In one example, the first light blocking layer 161 is formed from a photosensitive resin that includes a black pigment. Examples of the black pigment include carbon black, benzofuranone pigments, and the like. Examples of the photosensitive resin include polyimide resins, acrylic resins, silicone resins, and the like. From the perspective of the first light blocking layer 161 suppressing shifts in the threshold voltage of the pixel TFT 150, it is preferable that the product of the optical density of the first light blocking layer 161 and the thickness (μm) of the first light blocking layer 161 is 2.82 or greater.

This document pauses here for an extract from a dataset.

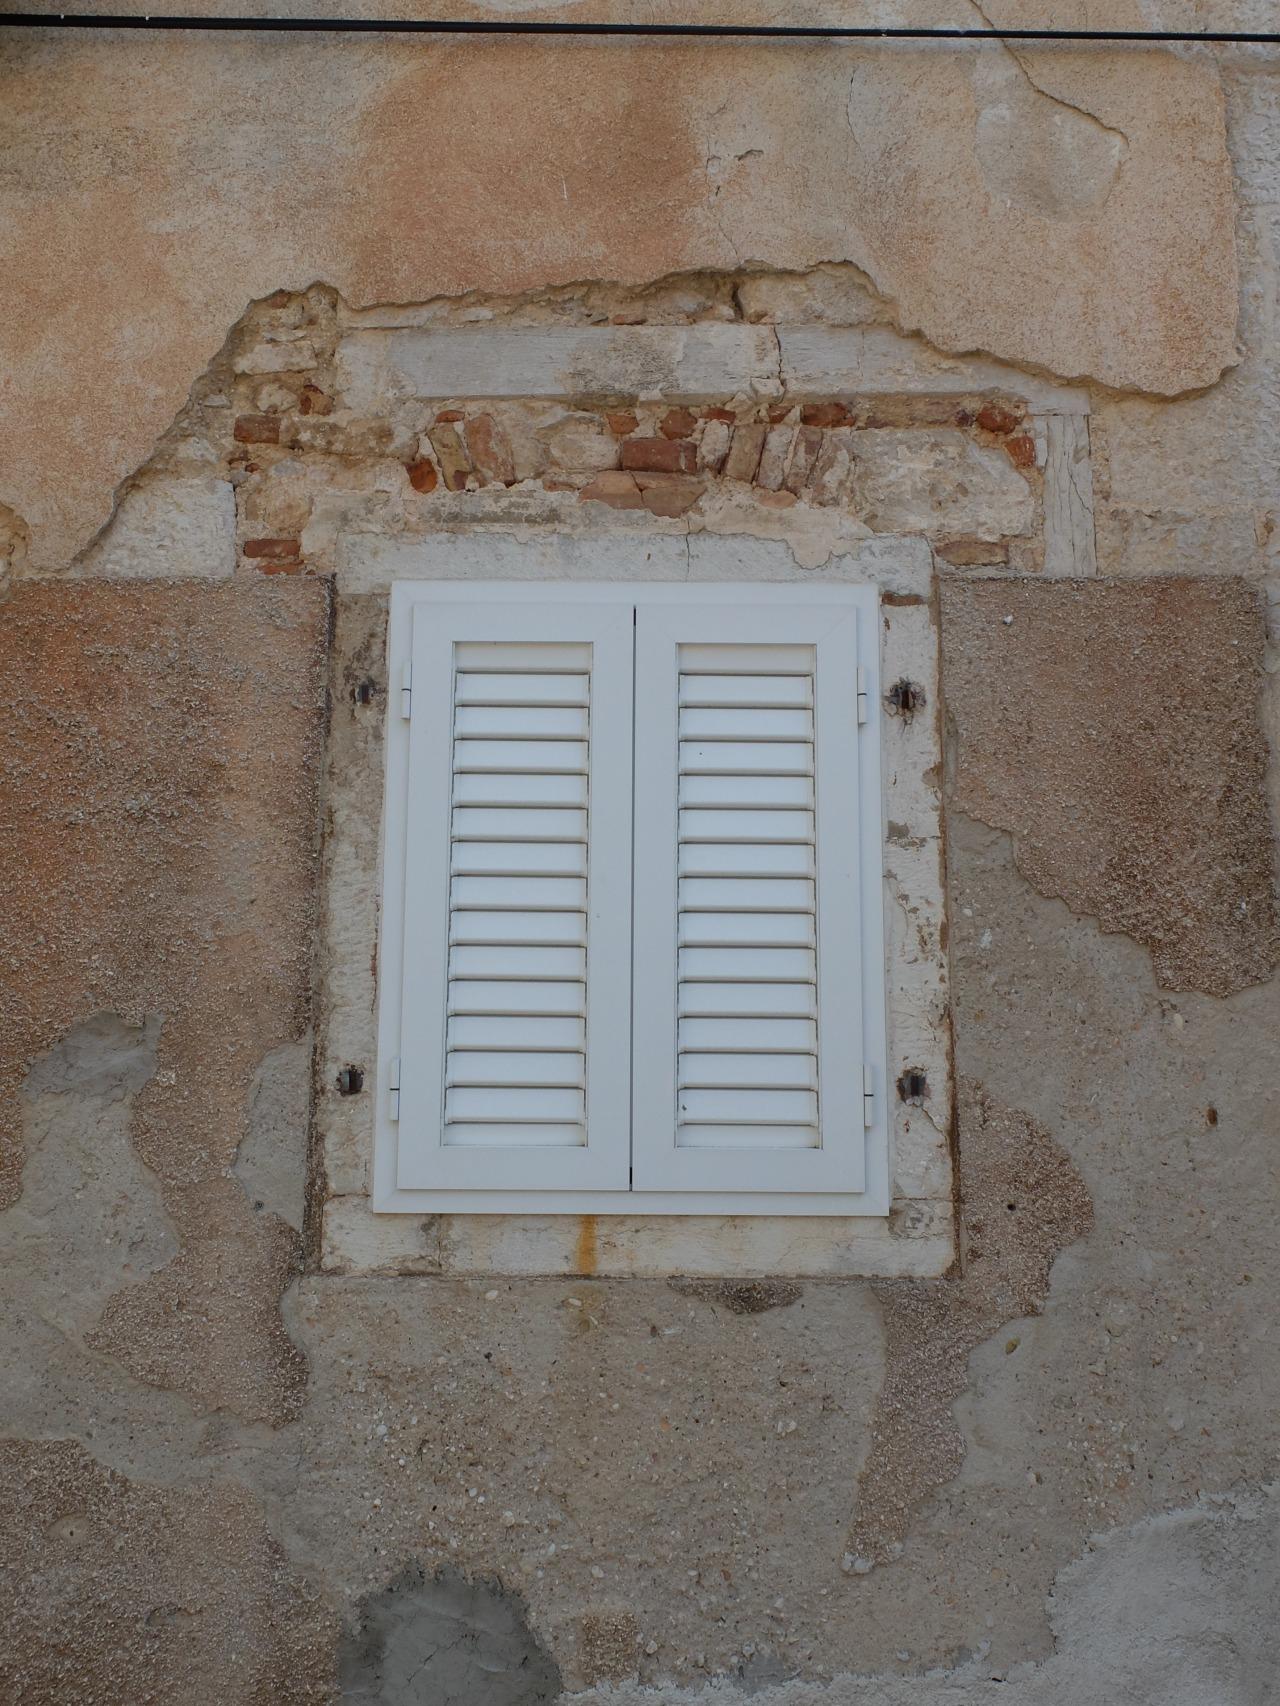 mangia minga - Windows on Otok Cres

The light transmitting insulating layer 162 is formed from silicon nitride (SiNx), silicon oxide (SiOx), or the like. From the perspective of the electrical characteristics thereof, it is preferable that the light transmitting insulating layer 162 is formed from an inorganic material. As illustrated in FIG. 4, the light transmitting insulating layer 162 is disposed on the first light blocking layer 161. The active layer 150a and the gate electrode 150g of the pixel TFT 150 and the gate lines 131, 133 are provided on the light transmitting insulating layer 162 of the light emitting region 126. Furthermore, the electrode 156, which is one of the electrodes forming the hold capacitor C1, is provided on the light transmitting insulating layer 162 of the light emitting region 126.

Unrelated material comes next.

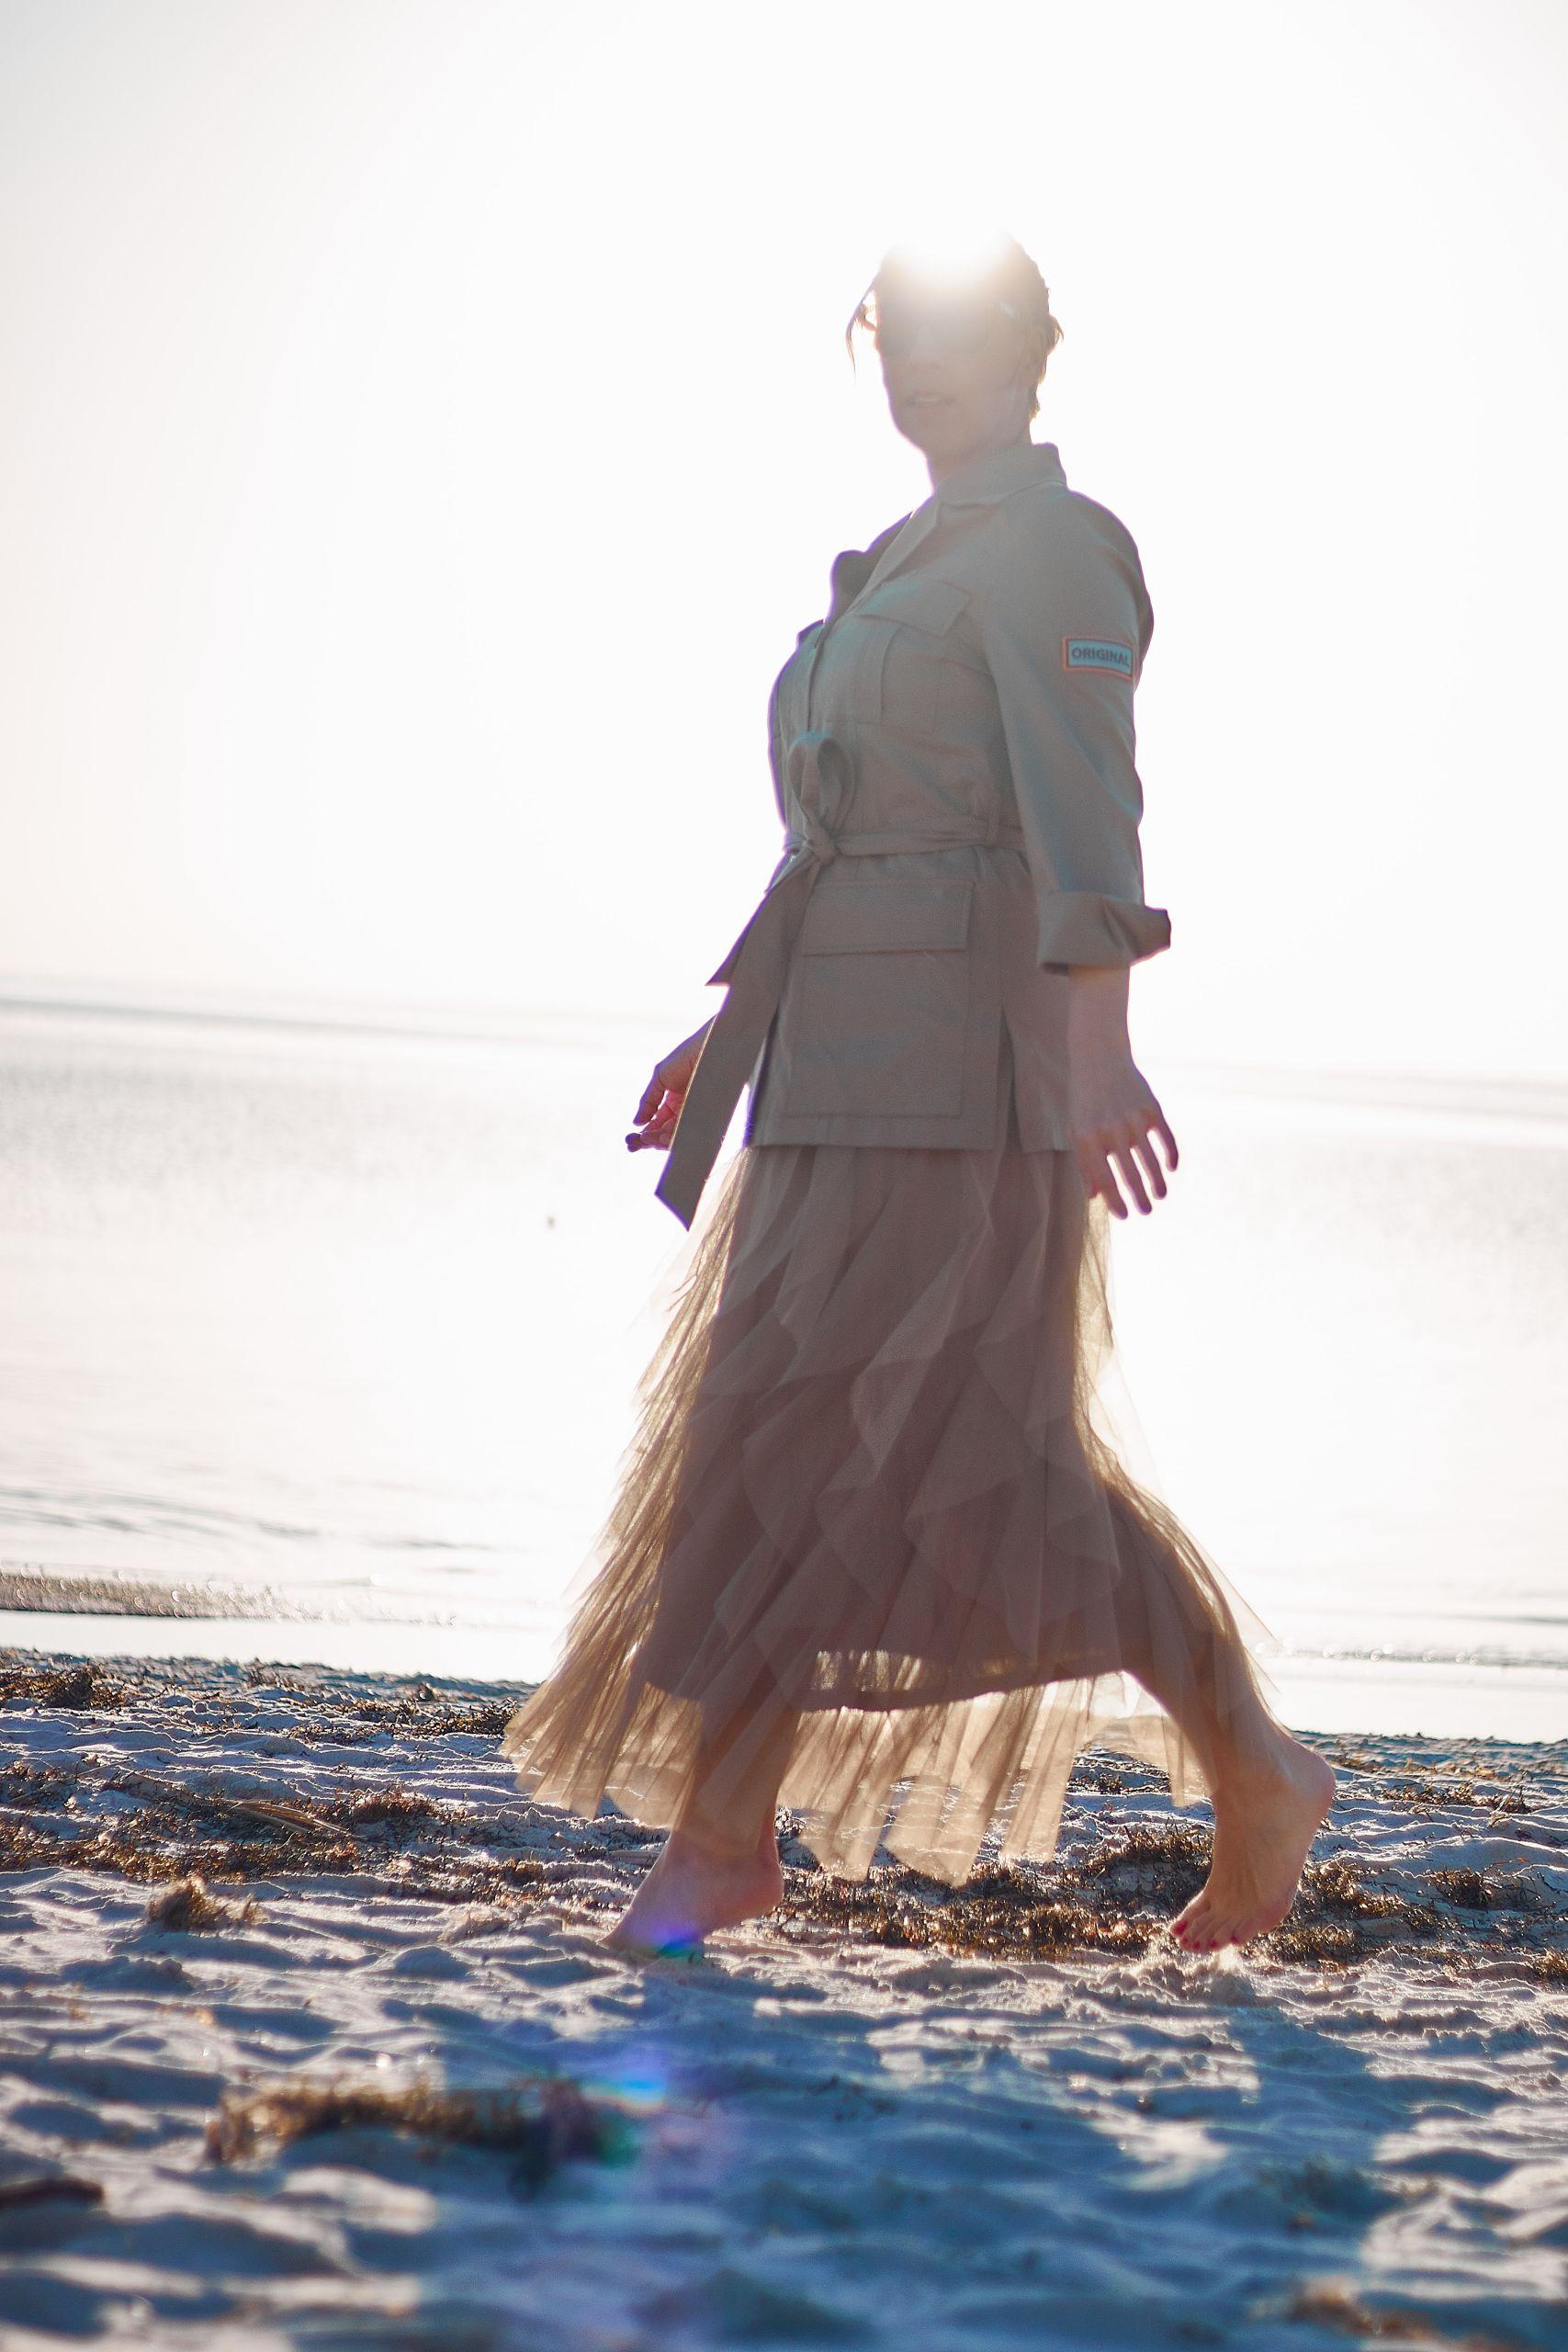 Marc Aurel Tüllrock zur Safari Jacke am Strand von Pelzerhaken

The first insulating layer 163 is formed from silicon nitride (SiNx), silicon oxide (SiOx), or the like. From the perspective of the electrical characteristics thereof, it is preferable that the first insulating layer 163 is formed from an inorganic material. The first insulating layer 163 is disposed on the light transmitting insulating layer 162. The first insulating layer 163 covers the active layer 150a and the gate electrode 150g of the pixel TFT 150, the gate lines 131, 133, and the electrode 156. The electrode 157, which is the other electrode forming the hold capacitor C1, is provided on the first insulating layer 163 of the light emitting region 126. Additionally, the first insulating layer 163 is provided on the supply wirings 135, 136, 137. Furthermore, contact holes for connecting the various components are provided in the first insulating layer 163. For example, the source region of the active layer 150a of the reset TFT 153 and the supply wiring (Vref) 137 are connected via a contact holes in the first insulating layer 163.

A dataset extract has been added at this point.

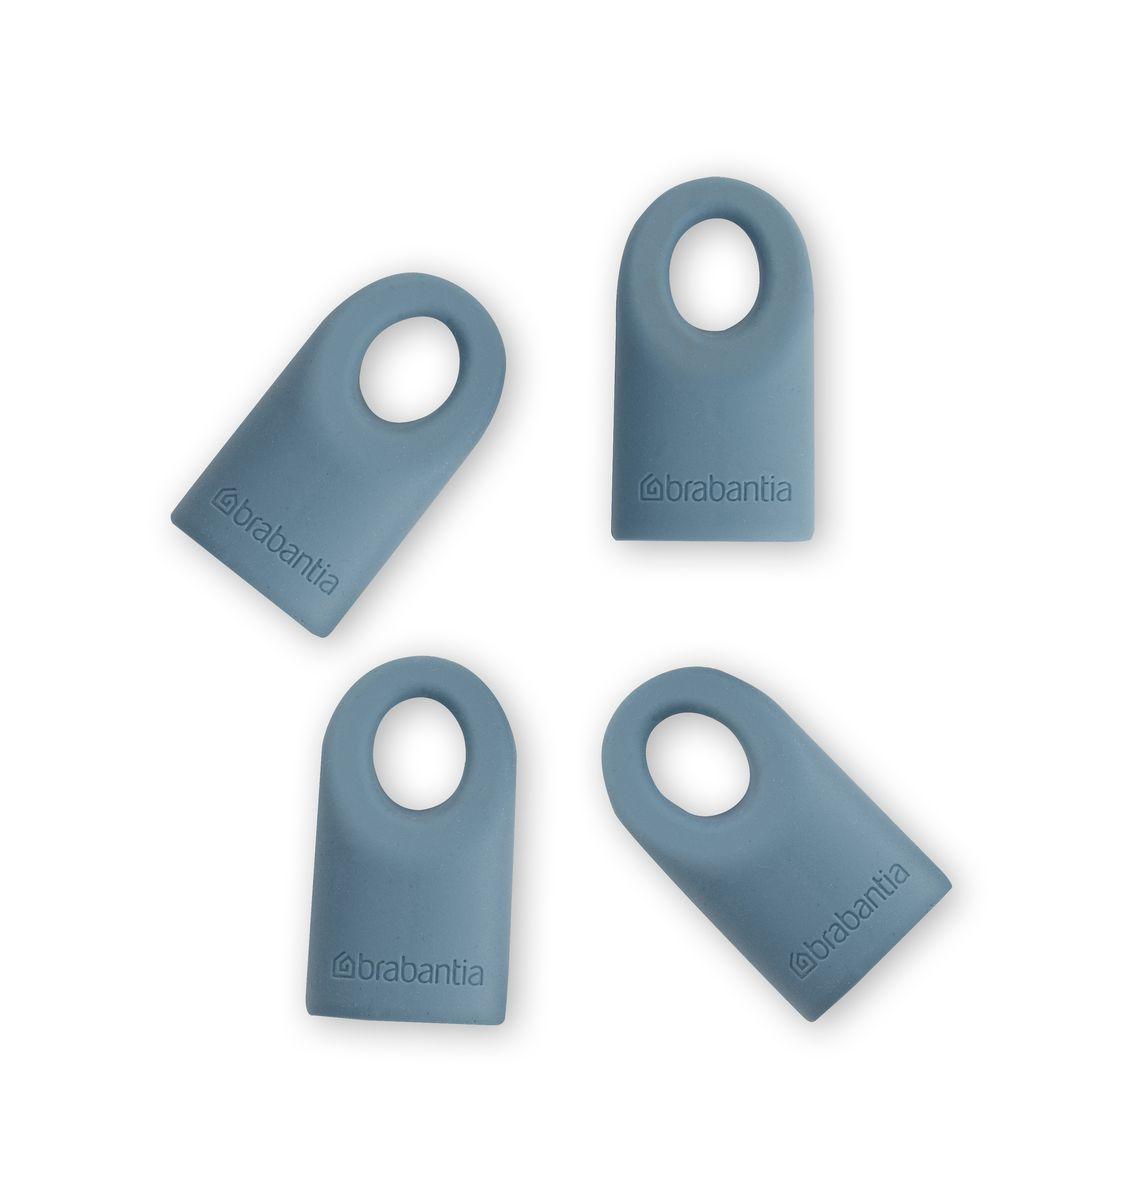 Силиконовые колпачки Brabantia Accent, цвет: голубой, 4 шт93-TR-07-01Силиконовые колпачки Brabantia Accent предназначены для кухонных принадлежностей линии Accent. Просто наденьте колпачок на нужную кухонную принадлежность. Используя съемные колпачки разных цветов, вы можете создавать свой оригинальный стиль. Колпачки оснащены специальными отверстиями для крючков.Длина колпачка: 4 см.

In one example, the second insulating layer 164 is formed from a photosensitive resin (a polyimide resin, an acrylic resin, a silicone resin, or the like). The second insulating layer 164 is disposed on the first insulating layer 163. The second insulating layer 164 covers the electrode 157 and the supply wirings 135, 136, 137. Additionally, the anode electrode 145 of the light emitting element E1 is provided on the second insulating layer 164 of the light emitting region 126. The anode electrode 145 of the light emitting element E1 is connected to the drain of the driving TFT 152 and the drain of the reset TFT 153 via a contact hole in the second insulating layer 164.

The defining layer 165 functions as the second light blocking layer that blocks the external light. The defining layer 165 (that is, the second light blocking layer) blocks the external light incident on the pixel TFT 150 and the supply wirings 135, 136, 137 of the pixel circuit 140. Like the first light blocking layer 161, in one example, the defining layer 165 is formed from a photosensitive resin that includes a black pigment.

The defining layer 165 (the second insulating layer) 165 is disposed on the second insulating layer 164. In the light emitting region 126, the defining layer (the second light blocking layer) 165 covers the top surface of the second insulating layer 164 while a portion of the anode electrode 145 of the light emitting element E1 is exposed from the second opening 165a. Due to these configurations, the defining layer (the second light blocking layer) 165 can block the external light incident on the pixel TFT 150. Additionally, as illustrated in FIG. 6, the defining layer (the second light blocking layer) 165 covers the supply wirings 135, 136, 137 positioned between the light transmitting regions 124 of adjacent pixels 122. Due to this configuration, the defining layer (the second light blocking layer) 165 can block the external light incident on the supply wirings 135, 136, 137.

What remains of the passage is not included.